They find a new place. It's one of four run-down apartments sitting empty above a shuttered bakery. Everything smells like flour and warm sugar.

Laura meets with Mike and discovers that, far from the "modest savings" their parents talked about, they've inherited a small fortune—and that's before factoring in the life insurance payments they'll be collecting. Most of it's in trust until they turn 25, but in the meantime there's a more than generous allowance.

Their allowance is enough to coast on, but Laura signs up with a couple temp agencies anyway, and by the end of June she has a reputation for being eager to accept the weirdest jobs anyone has to offer: third-shift transcriptionist for a large-animal vet; trade show demonstration assistant (a.k.a. "the girl who points at things") for a home remodeling firm; mascot for a local minor league baseball team (she doesn't last long at that job. The smells inside the costume keep making her have to run off the diamond to throw up).

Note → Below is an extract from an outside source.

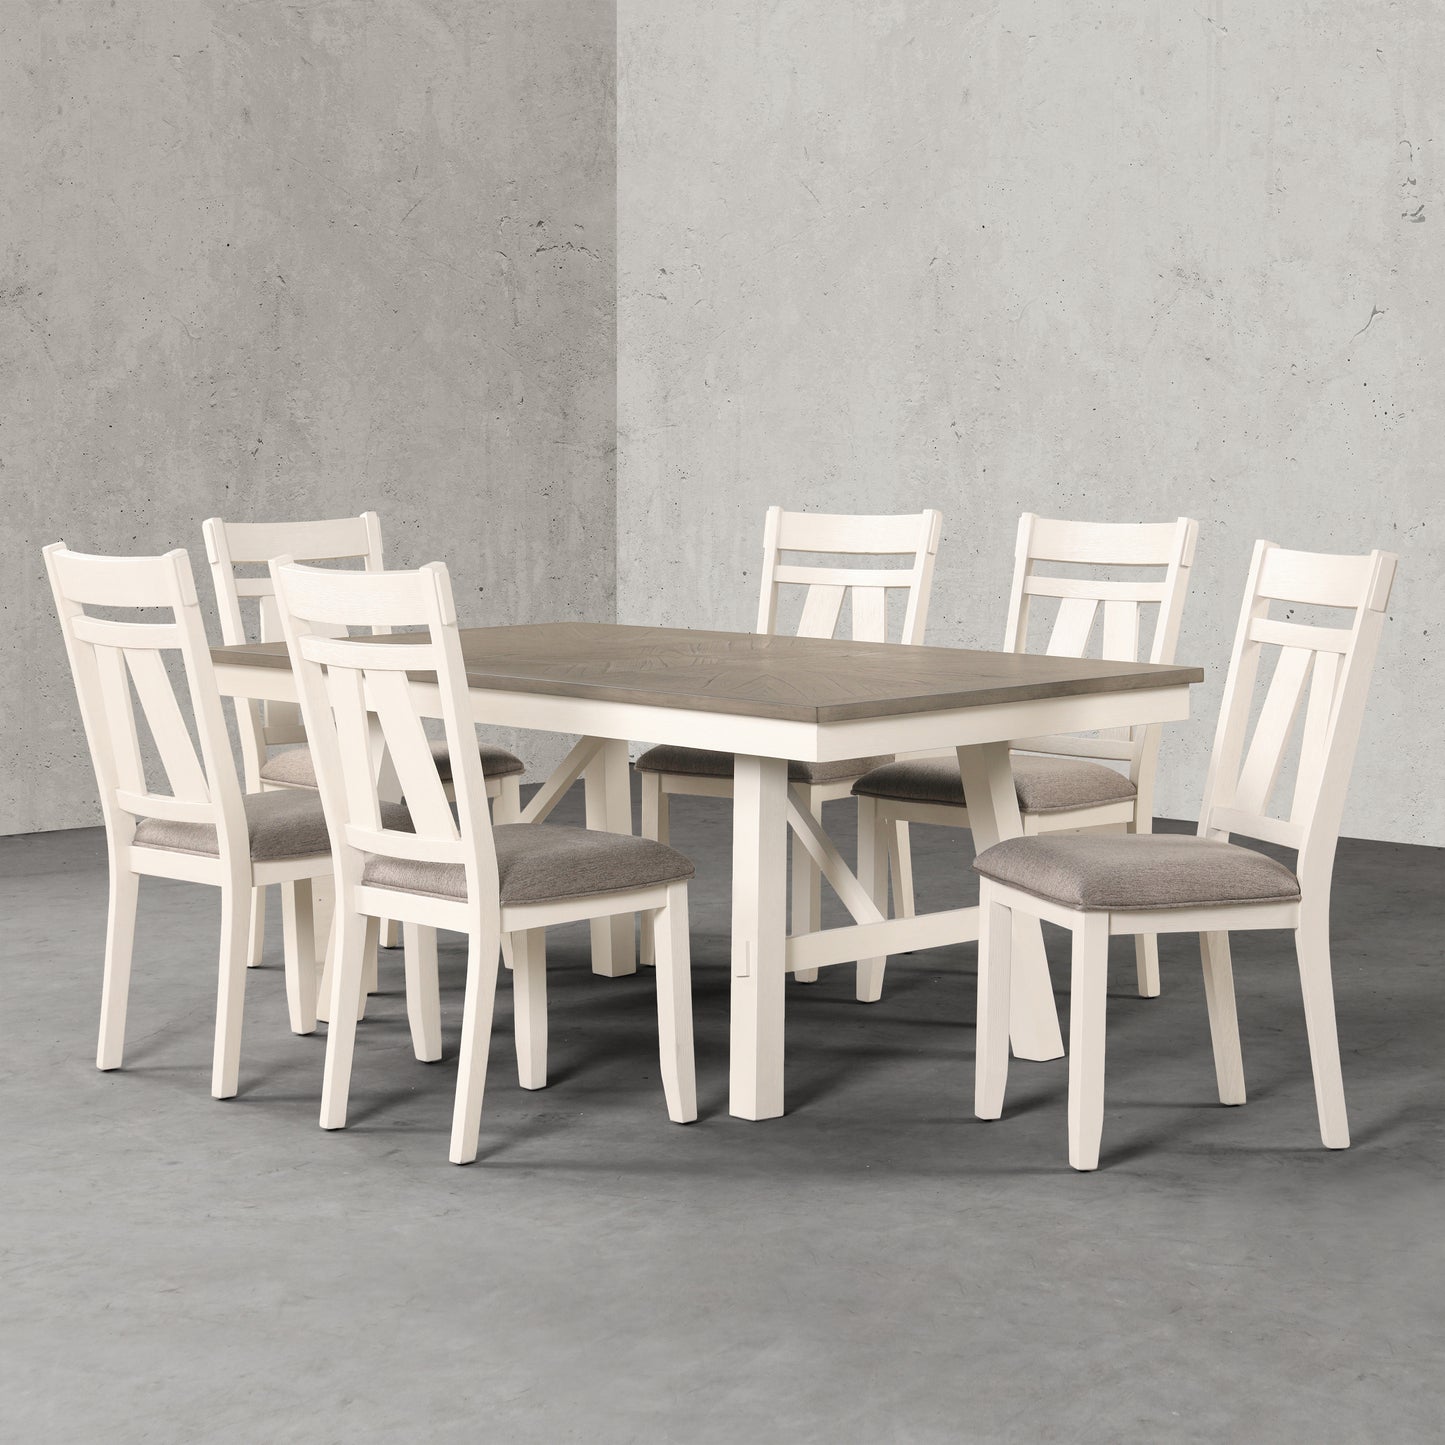 Roundhill Furniture Fasena 7-Piece Dining Set, Trestle Dining Table with 6 Chairs in Rustic Gray and Off White Finish
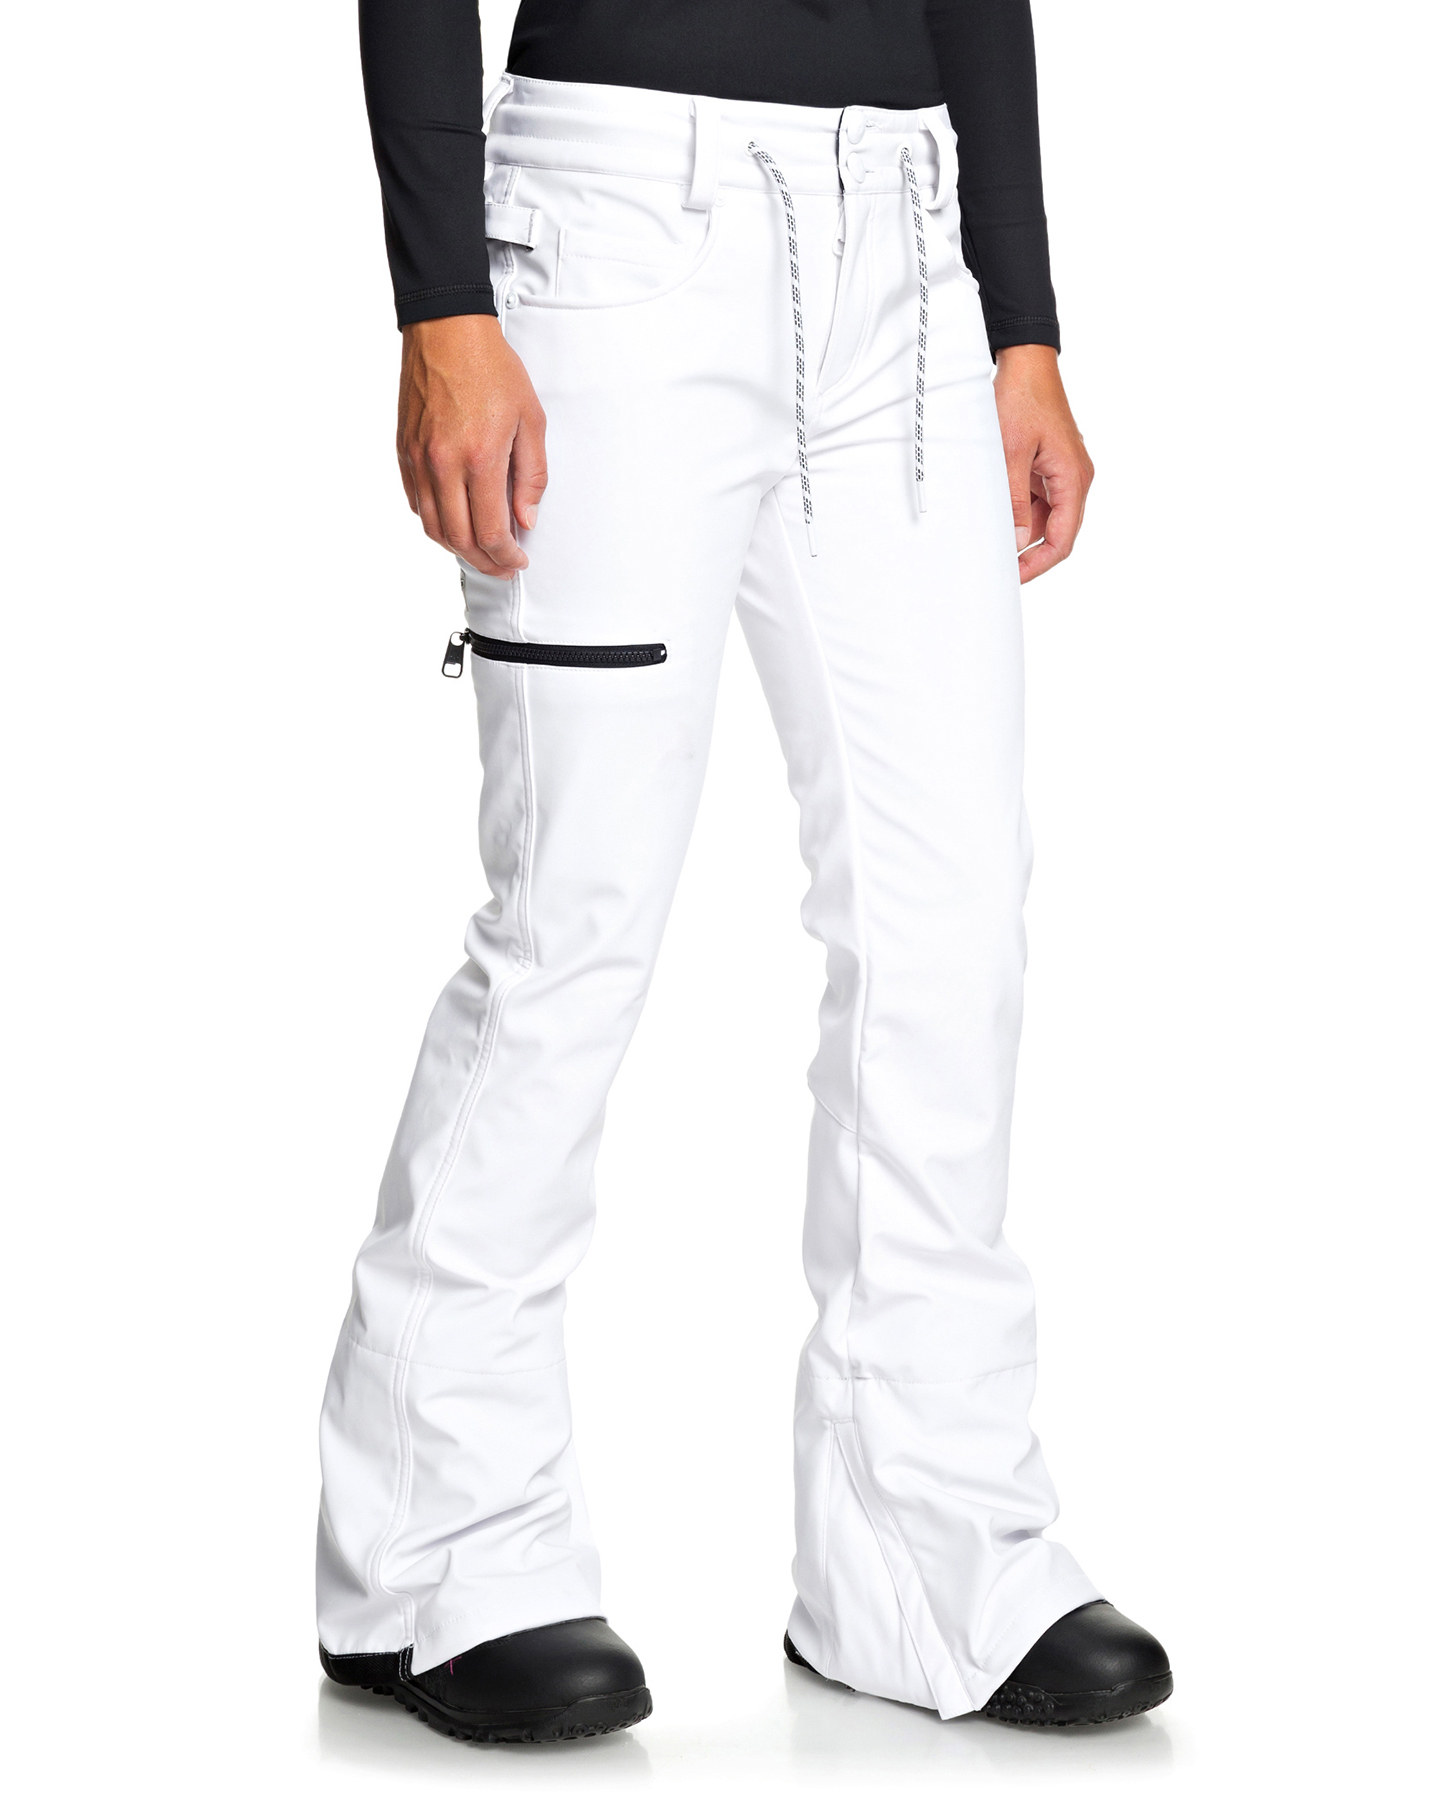 Dc Shoes Womens Viva Softshell Snow Pant - White | SurfStitch

Derek talks about getting a job, too, but Laura tells him that watching Cora is his job. He throws himself into it with fervor. He's probably desperate for anything to do that isn't thinking about their family being dead. He and Cora spend a lot of time at the library. Most days, he says, they're the only white people in the place. He says it's nice to be stared at for a reason other than everyone knowing they're "those poor Hale kids whose family died in that awful fire."

Laura starts looking at colleges in New York. Not for this fall, but for the spring term, or next year. She talks to Whittier about transferring credits. She tells herself that making new plans for her future isn't a betrayal of the ones she made before the fire or the people she made them with who can never make another new plan. Some days, she believes it.

By the time September rolls around, with a new school year in a new school for Derek and Cora, they're well settled into their crappy apartment. They could easily afford something better, but now this place smells like them, like home. So they buy the building and start making stabs at renovating the apartments. They're almost . . . living again.

* * *

**_September 16, 2005_ **

When Laura comes home from work the Friday of the first week of school, she catches a smell around the front door, fire and feathers and magic. Inside, Derek's more taciturn than normal, and he sticks to her side all evening, like a stone guardian sworn to protect her and never speak. She ruffles his hair a lot, because he claims to hate it but not-secretly loves it.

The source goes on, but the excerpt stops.